> Source material
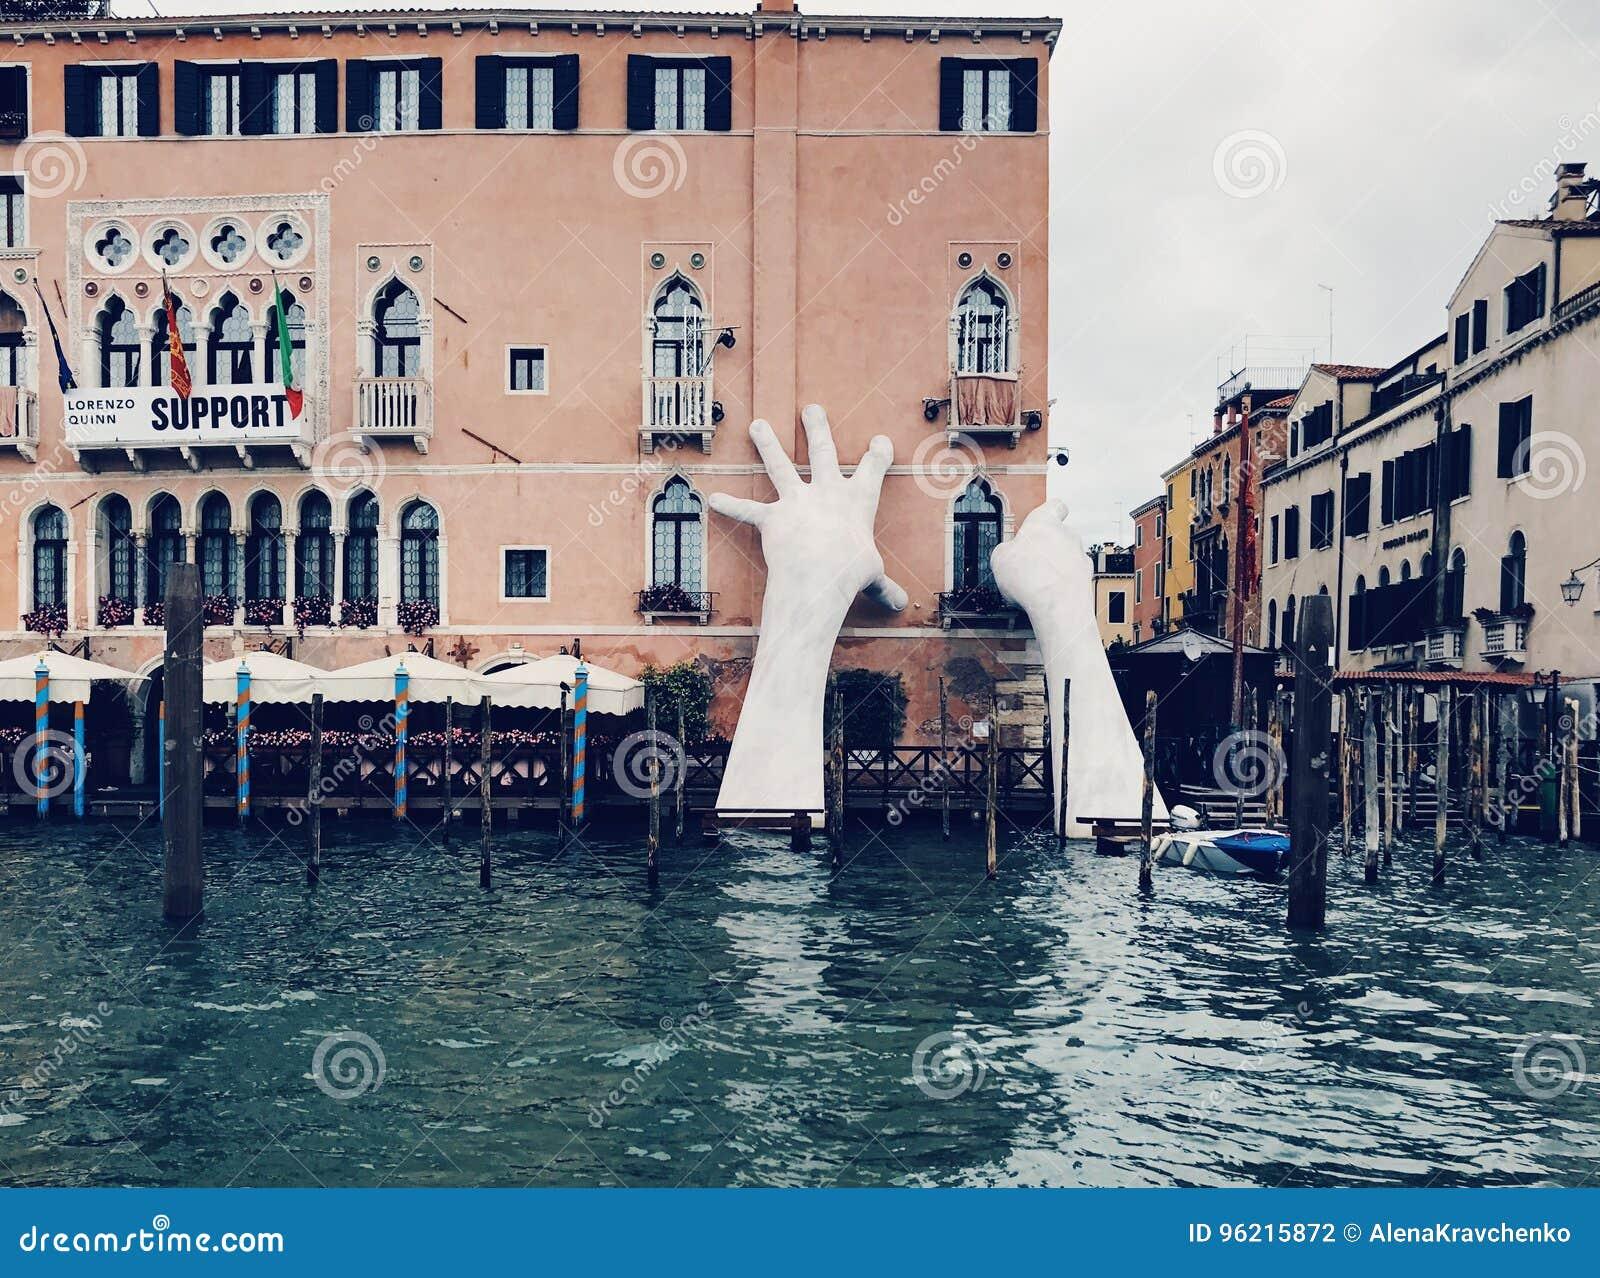 Manos gigantescas que suben del agua para apoyar el hotel de Ca' Sagredo, Venecia
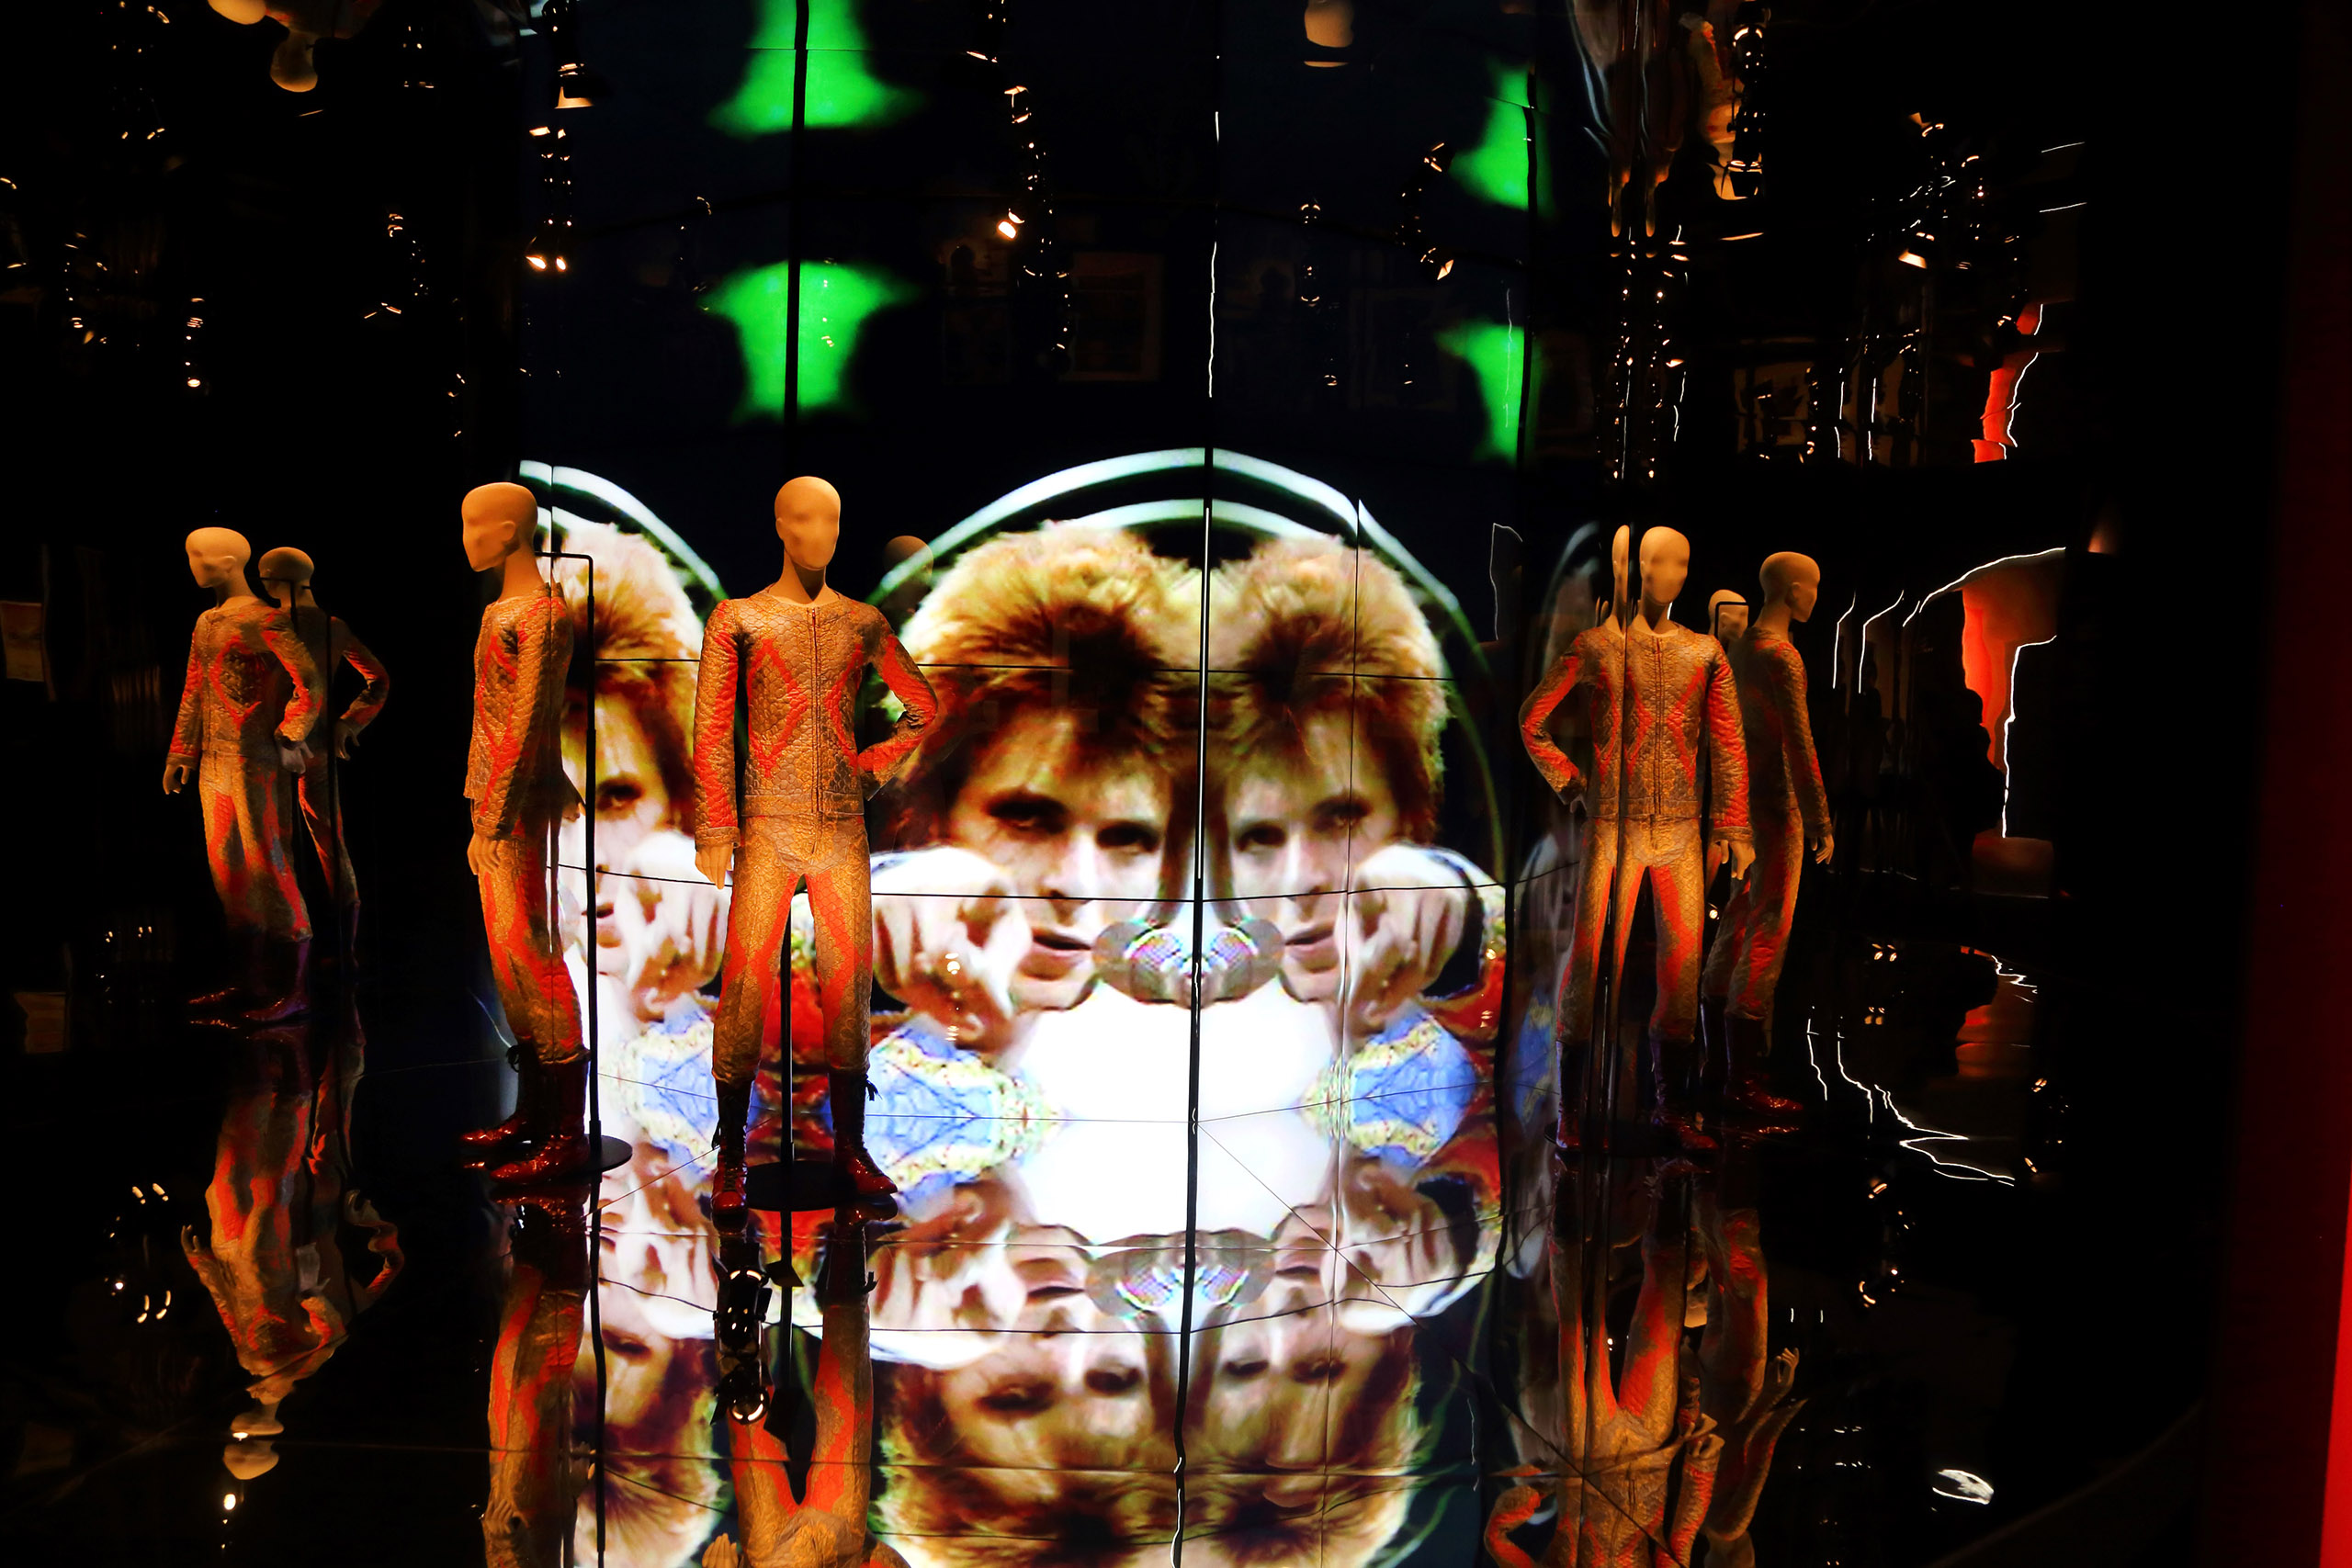 『スターマン』の衣装と、「Top Of The Pops」の映像 | © Eikon / G.Perticoni
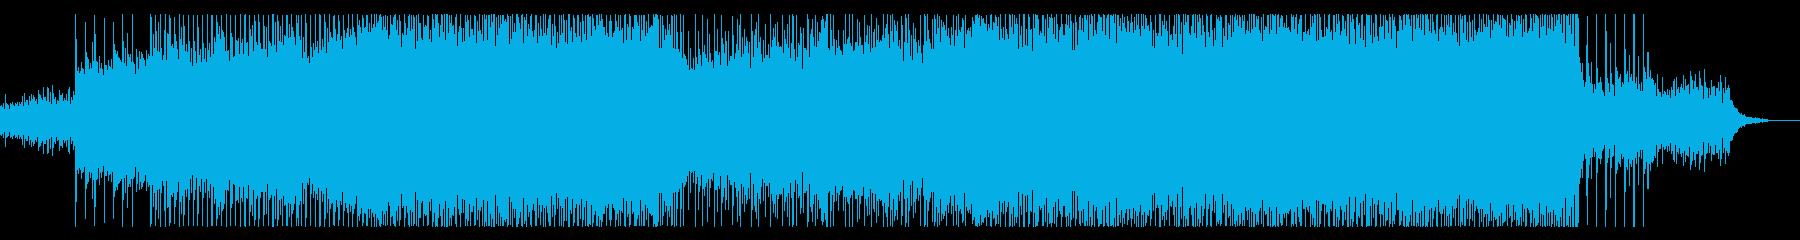 【メロディ抜き】透明感のあるポップコーポの再生済みの波形
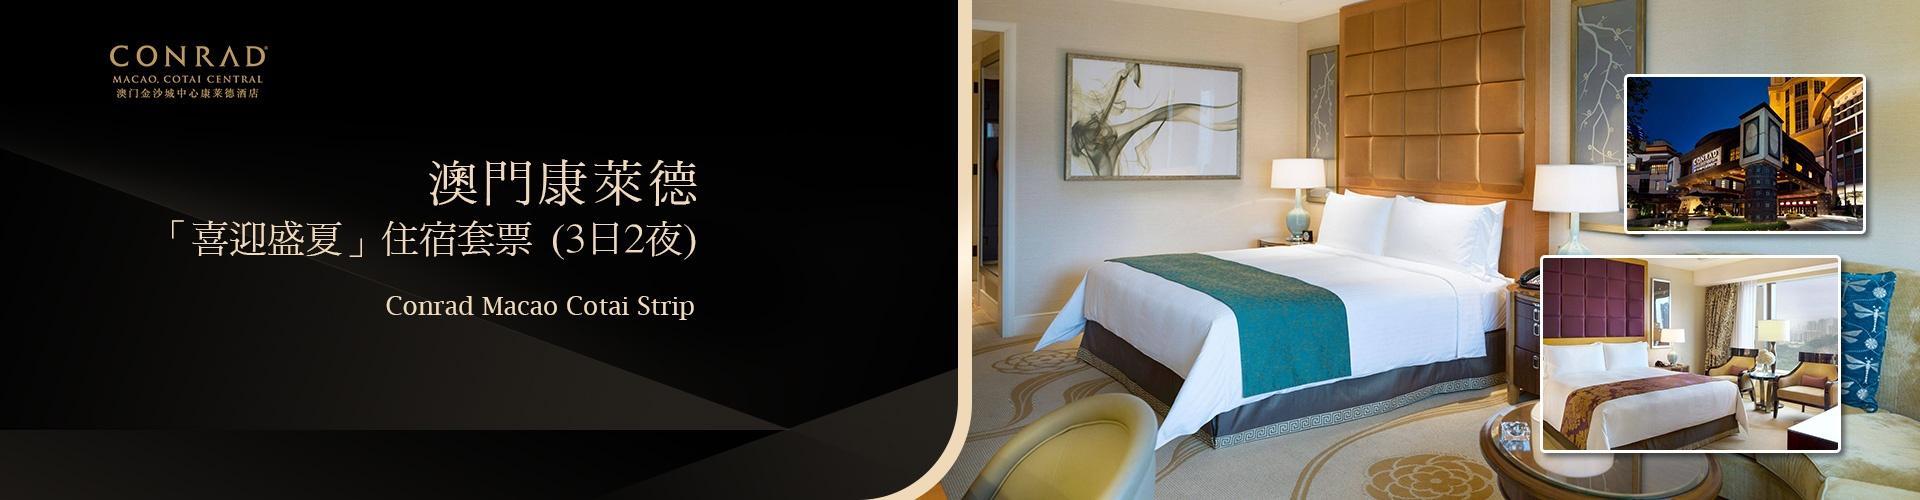 澳門金沙城中心康萊德酒店

> About this exercise
Please copy the data shown above word for word, omitting the pictures.

> Answer space
 Manos gigantescas que suben del agua para apoyar el hotel de Ca' Sagredo, Venecia
 『スターマン』の衣装と、「Top Of The Pops」の映像 | © Eikon / G.Perticoni
 【メロディ抜き】透明感のあるポップコーポの再生済みの波形
 澳門金沙城中心康萊德酒店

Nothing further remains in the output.